Addio a Michele Santoro, il gigante della tv che parlava sottovoce e sorrideva con gli occhi
La musica italiana piange una figura di rilievo: Michele Santoro, chitarrista di talento che ha accompagnato nomi illustri e contribuito a progetti di rilievo nel panorama nazionale. Originario di Belluno, ha costruito una carriera lunga e fruttuosa, segnando tappe significative sia in Italia sia all’estero. Dopo una lunga malattia, è scomparso in età 72 anni la vigilia di Natale, lasciando un’eredità che continua a influenzare musicisti e appassionati. L’itinerario artistico di Santoro si è intrecciato con la scena musicale del nostro paese in modo evidente e duraturo, testimoniando una versatilità che ha attraversato generi e collaborazioni di rilievo.
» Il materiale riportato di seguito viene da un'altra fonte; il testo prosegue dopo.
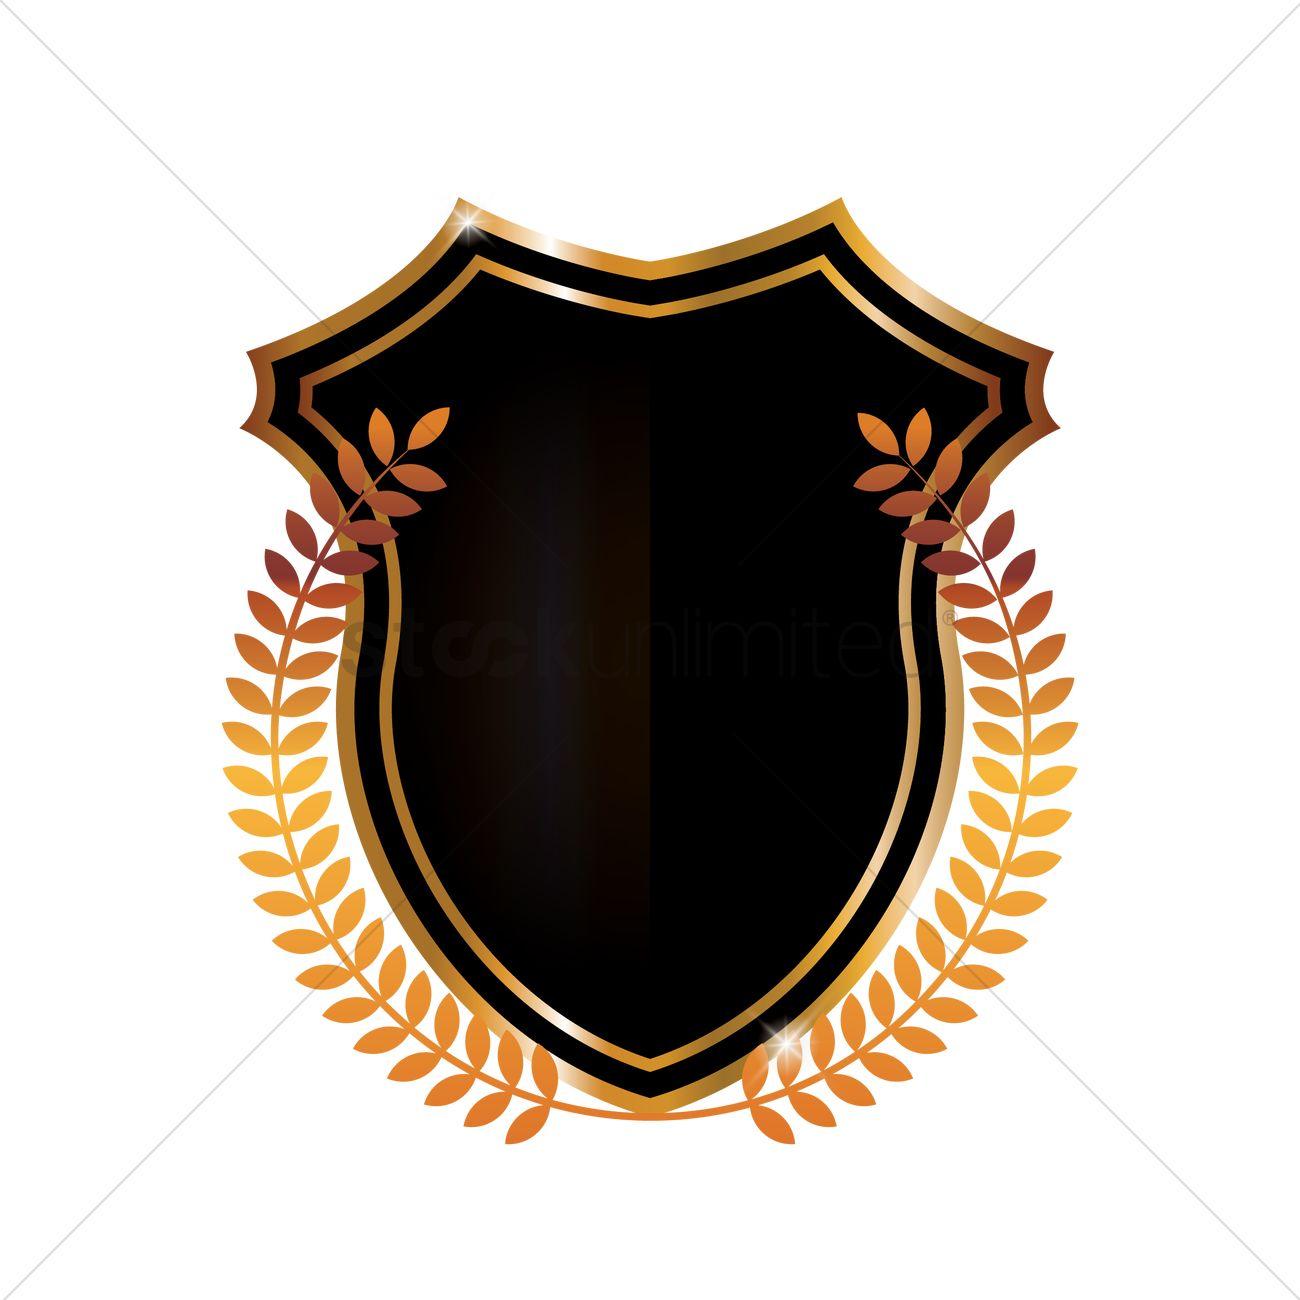 Black shield emblem vector image 1874329 stockunlimited black shield emblem vector graphic buycottarizona Image collections

michele santoro: chitarrista e figura della musica italiana
origini e formazione
La passione per la musica ha accompagnato Santoro sin dall’inizio, distinguendosi in gruppi locali durante gli anni Sessanta e Settanta. Dopo aver conseguito il diploma in chitarra classica presso un conservatorio riconosciuto, ha intrapreso il percorso professionale che lo ha portato lontano dal suo territorio natio, trasferendosi a Roma per inserirsi nella scena musicale nazionale.
collaborazioni e momenti chiave
Nel corso degli anni ha offerto supporto a numerosi artisti di primo piano come Renato Zero, Enrico Ruggeri e Gianni Morandi. La sua versatilità ha permesso di accompagnare tournée e performance su palchi italiani ed esteri, definendo una presenza stabile come strumentista apprezzato per la precisione e l’adattabilità stilistica. Tra i momenti salienti figura una apparizione notturna nel 1986, quando Morandi lo presentò per valorizzare le sue doti interpretative. Un’altra pagina significativa resta la direzione dell’orchestra al Festival di Sanremo nel 1998, durante l’esibizione di Mino Reitano, un incarico che consolidò la reputazione di Santoro nel panorama musicale.
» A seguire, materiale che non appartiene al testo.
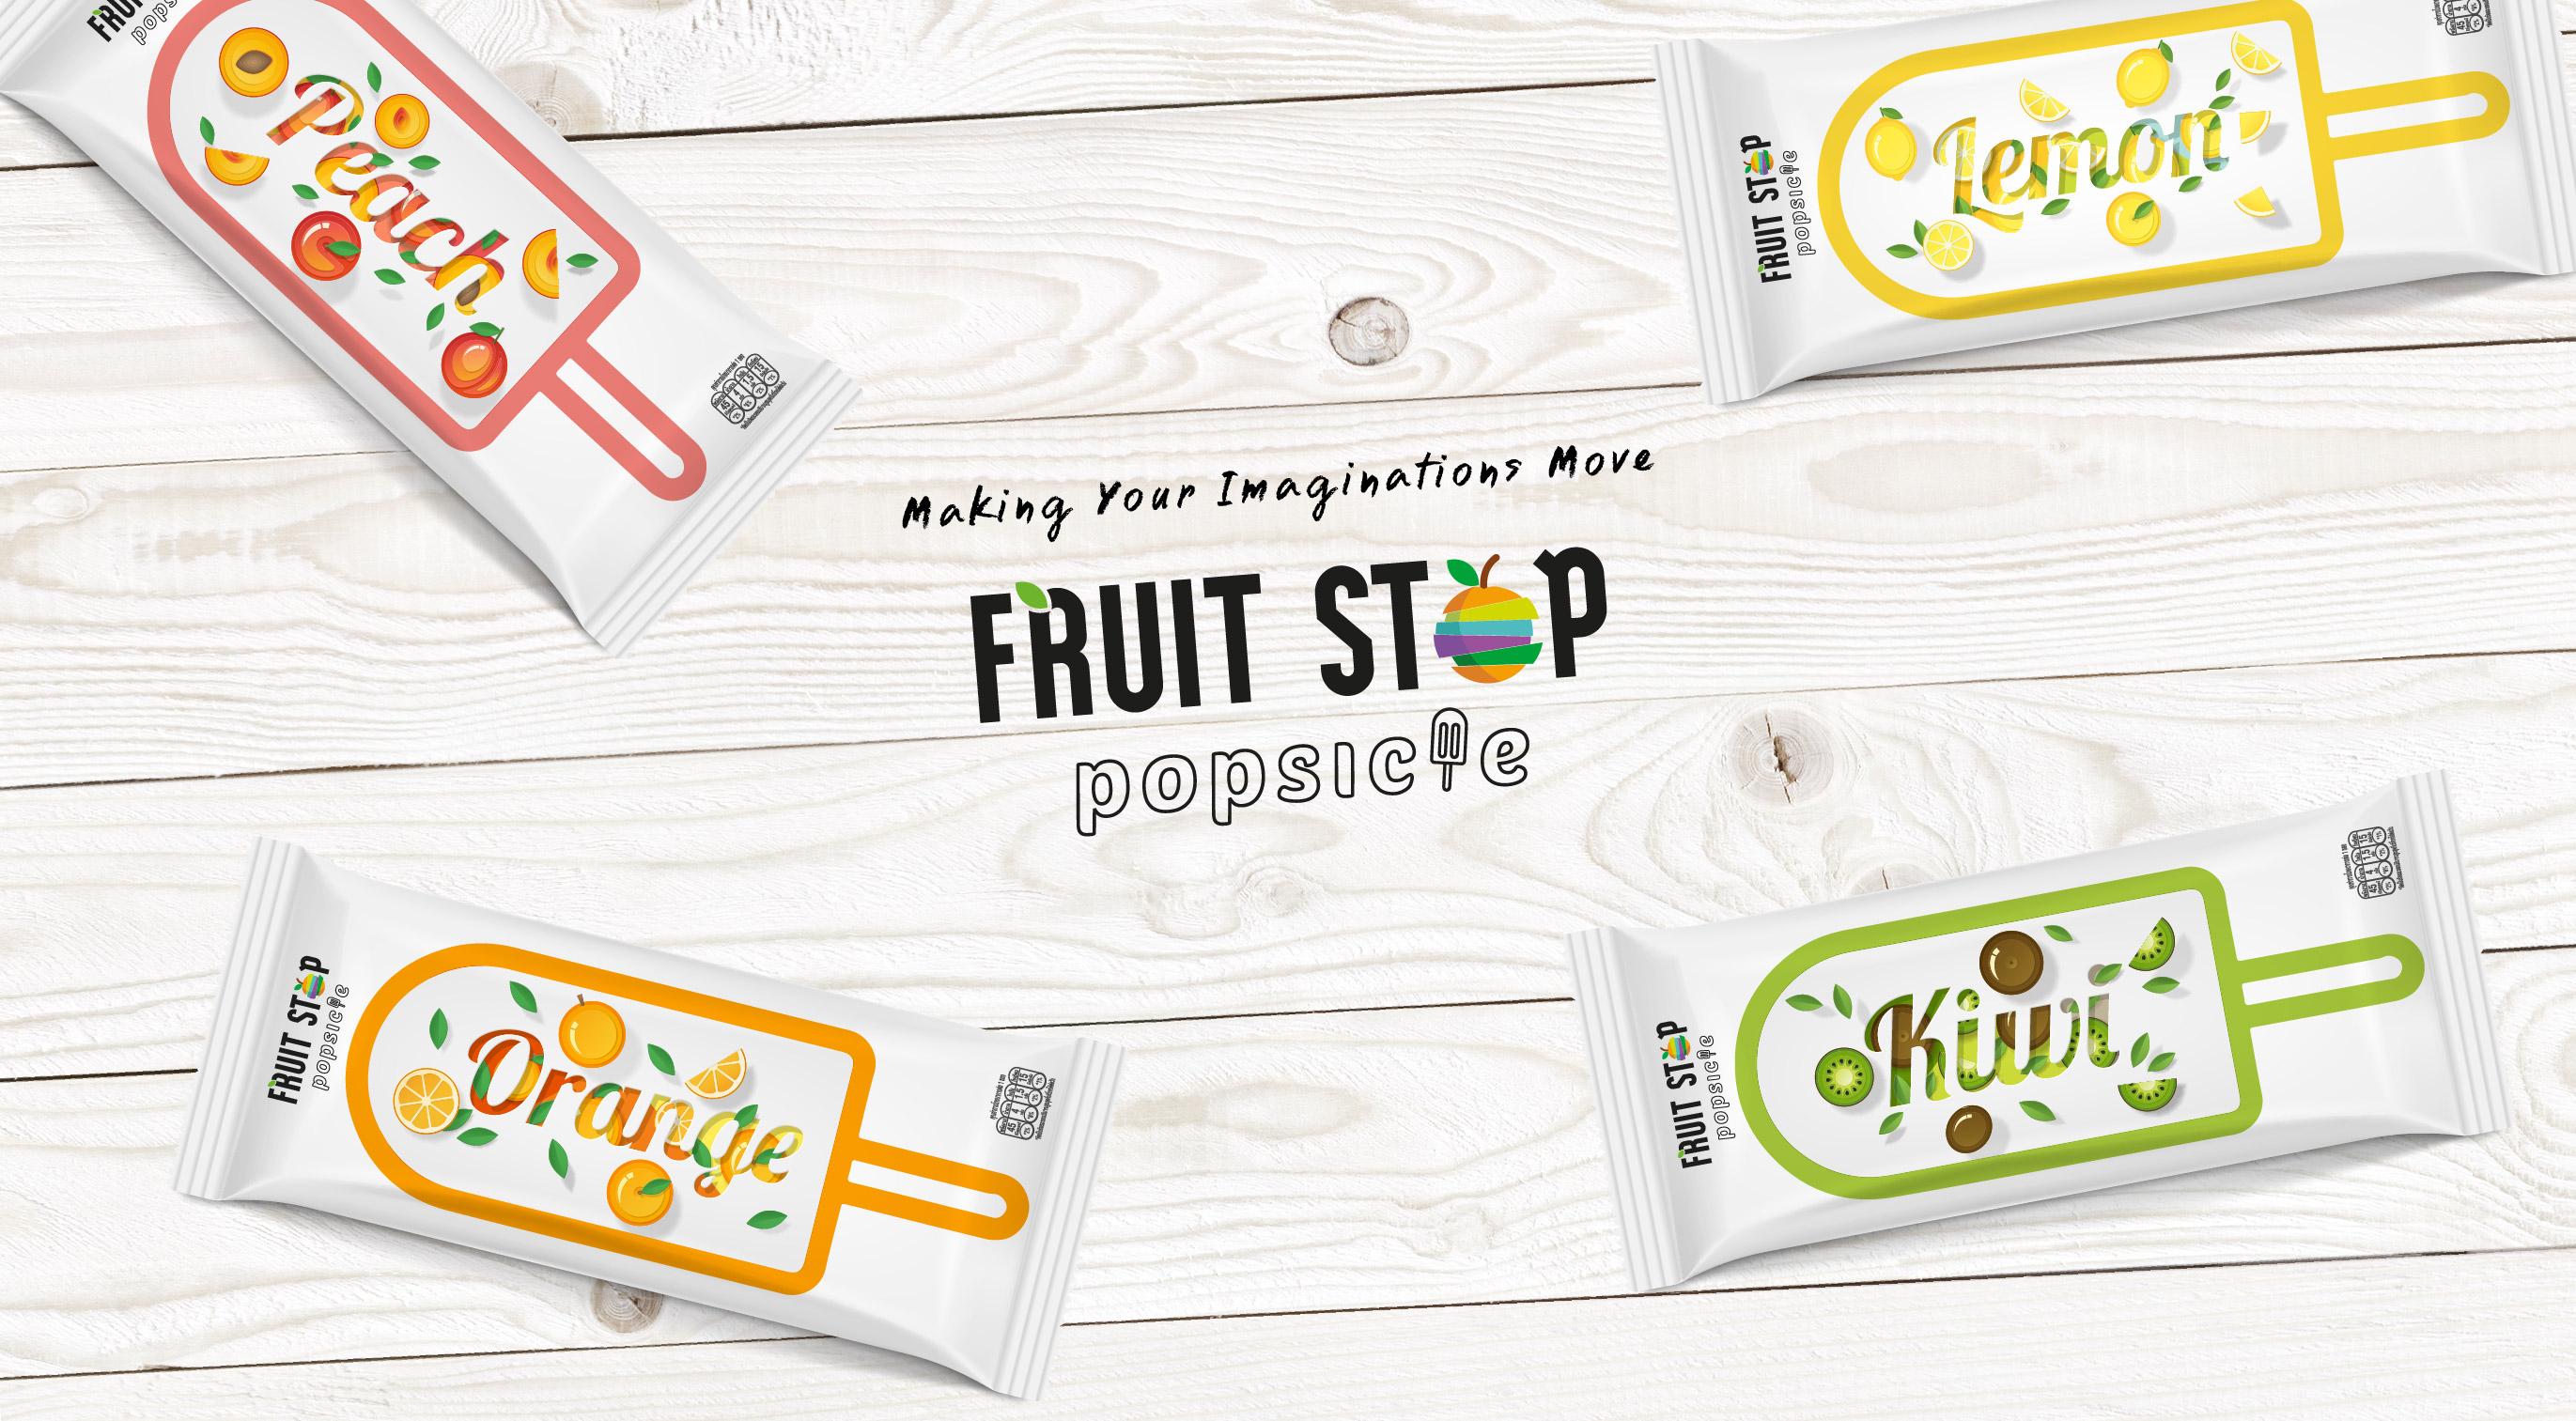 FruitStop Popsicle Packaging

ricordi e testimonianze sul valore artistico
La figura di Santoro è stata ricordata da colleghi e amici come una presenza di grande cultura musicale e sensibilità artistica. Tra le parole di stima spiccano descrizioni di una personalità _colta_ e _discreta_ che ha saputo coniugare tecnica impeccabile e spirito collaborativo, contribuendo a due progetti discografici di rilievo che hanno restituito una parte significativa della sua poetica compositiva.
un progetto memorabile: la divina commedia
Nel 2007 ha diretto e orchestrato un progetto ambizioso ispirato alla Divina Commedia, coinvolgendo un’orchestra di 110 elementi e attraendo migliaia di spettatori in diverse sedi italiane. L’iniziativa ha messo in luce le capacità di direzione e arrangiamento di Santoro, evidenziando la sua propensione a esplorare nuove dimensioni artistiche e a mettere la musica al servizio di una grande narrazione poetica.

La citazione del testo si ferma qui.